The energy and opportunities emerging from midwest communities is keeping the region moving forward as HPC and supercomputing evolve to include increasingly data-intensive Big Data workloads. For example, the St. Louis High Performance Computing group, STLhpc.net, was founded in March 2011. In the first year, over 300 members from dozens of St. Louis organizations have connected online and at local HPC and Big Data events.
With projects like the Kansas City Google Fiber project bringing ultra high-speed broadband network in Kansas City and the Loop Media Hub project aiming to do the same in St. Louis, the midwest is even integrating high-performance networking into its communities. Startup companies in the midwest have HPC resources readily available through programs like Innovative Technology Enterprises at the University of Missouri - St. Louis and Blue Collar Computing at the Ohio Supercomputing Center.
As the data available to organizations continues to grow in quantity and complexity, the need for Big Data technologies and expertise is growing quickly. Given the concentration of expertise in the midwest, a new national Big Data conference series, StampedeCon, will launch in St. Louis on August 1, 2012. The conference will focus on the role of Big Data, its business value, potential cost savings, and Big Data use cases at Facebook, Nokia, Kraft Foods, Monsanto and more.

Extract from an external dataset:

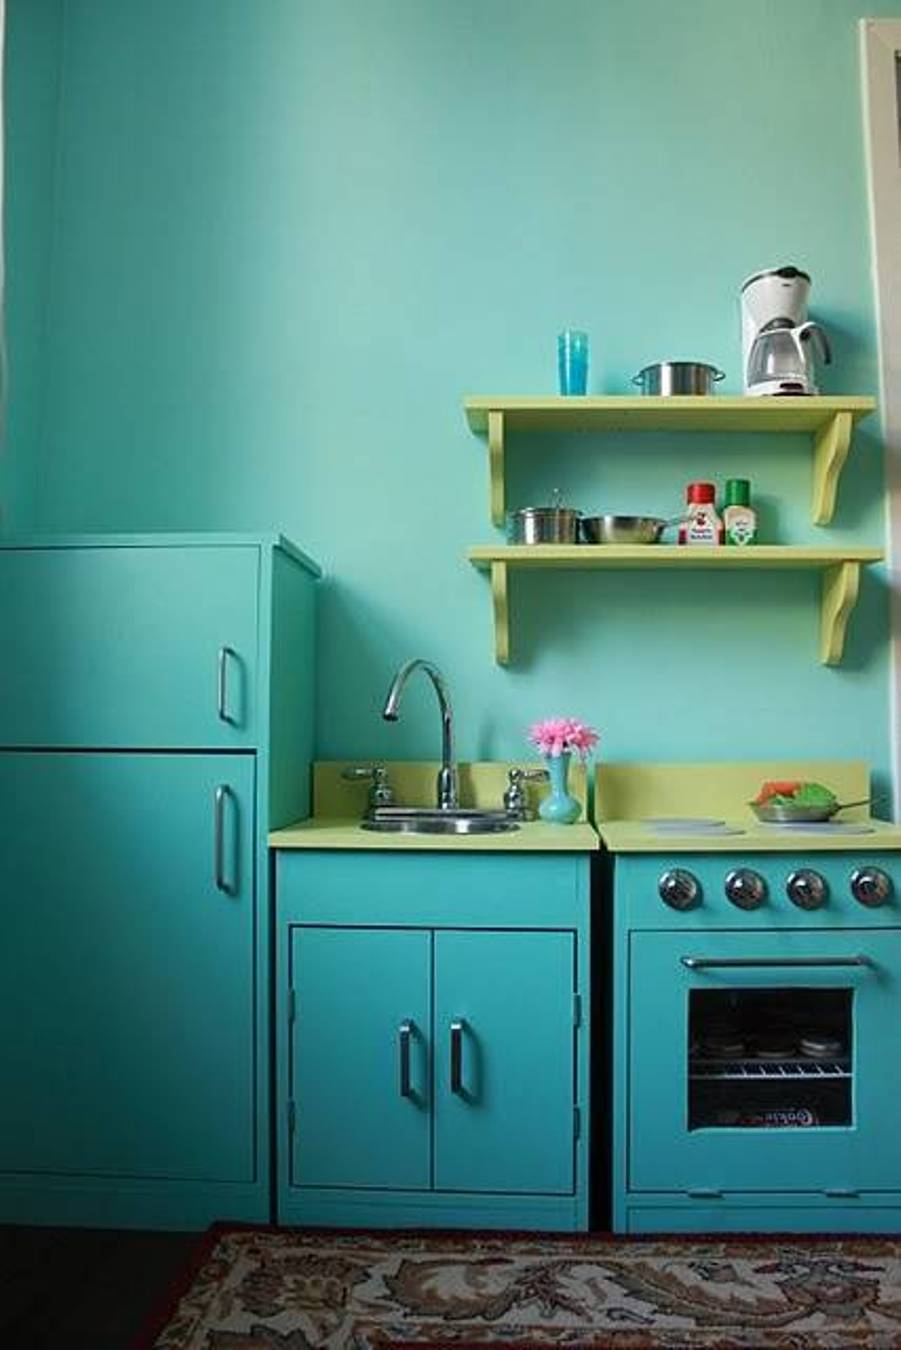 kitchen-turquoise-walls-with-green-open-shelving-and-free-standing-range-and-sink-and-pantry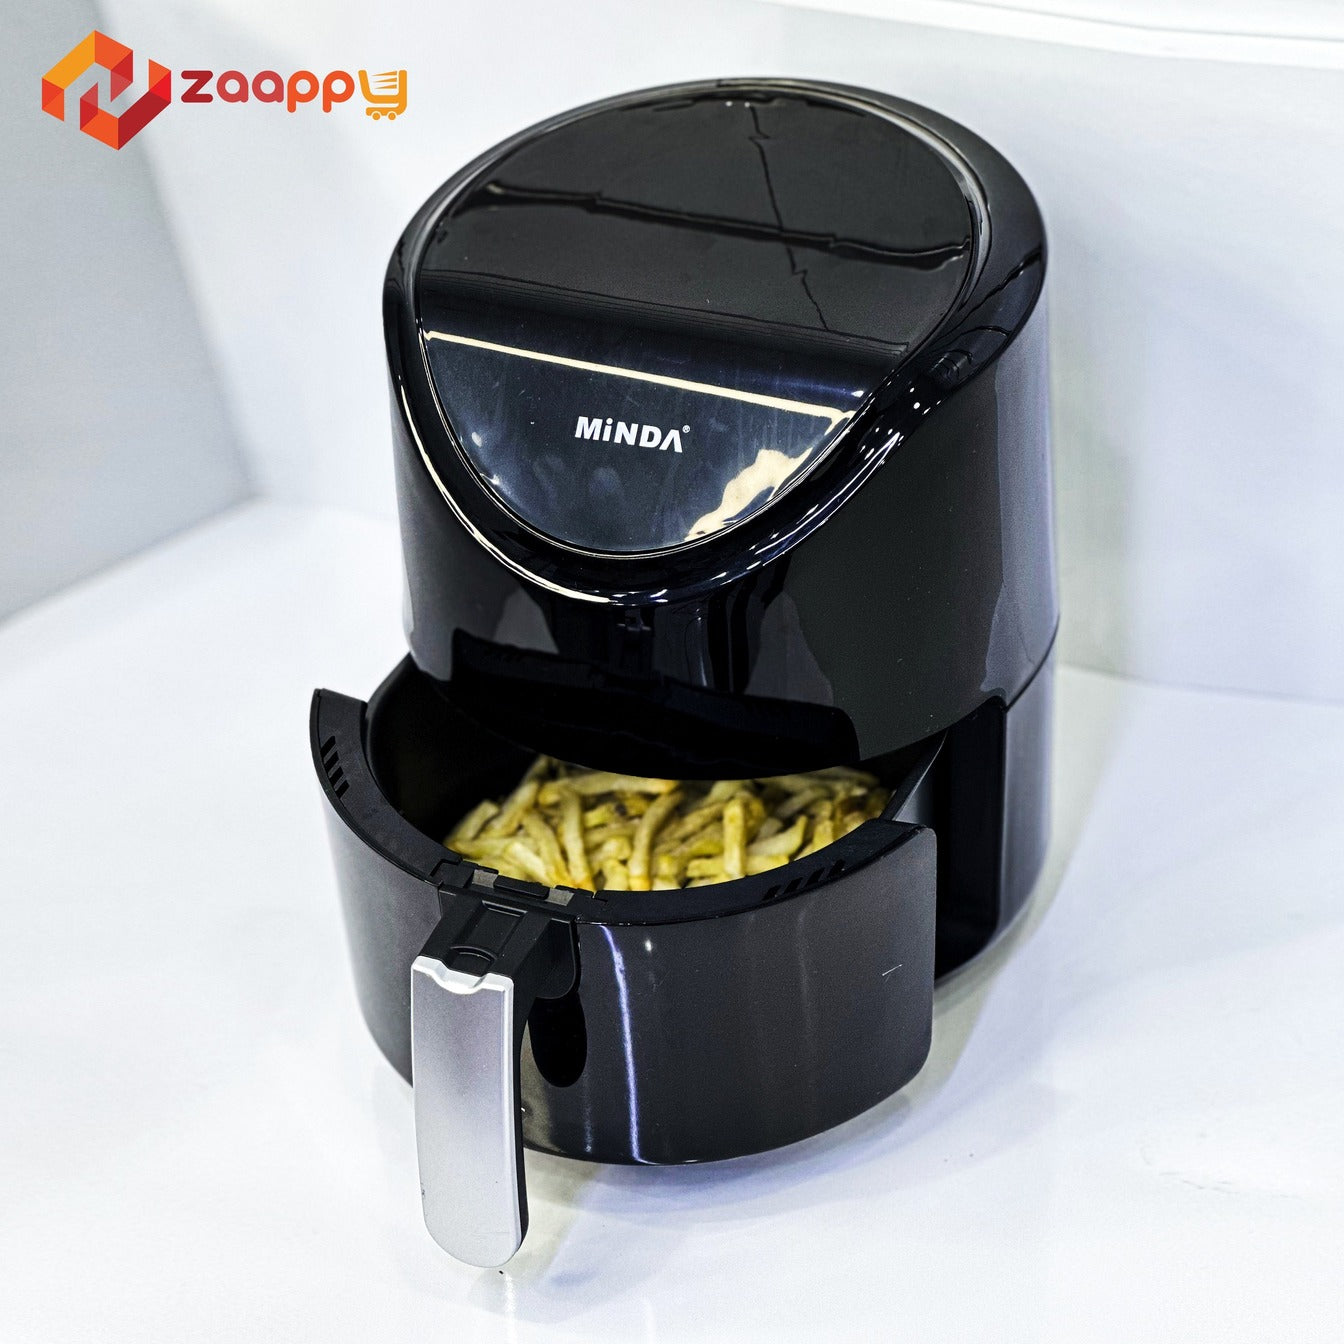 Mini Electric Air Fryer for Oil Free Low Fat Cooking Zaappy.com

Gary Stiehr has over twelve years of experience managing and operating High Performance Computing (HPC) environments. He leads the Information Systems group at The Genome Institute at Washington University in St. Louis, which manages the HPC systems used to analyze the genetic basis of cancer and other diseases. Recently, he also started the StampedeCon Big Data conference series, which is connecting those who are interested in better understanding and leveraging Big Data and discussing what’s next for this emerging field. He is also the founder of STLhpc.net, which aims to contribute to growth in St. Louis through the application of High Performance Computing. Prior to joining The Genome Institute, Gary worked at Fermi National Accelerator Laboratory building and supporting the U.S. CMS Tier-1 regional computing center for the Worldwide Large Hadron Collider Computing Grid.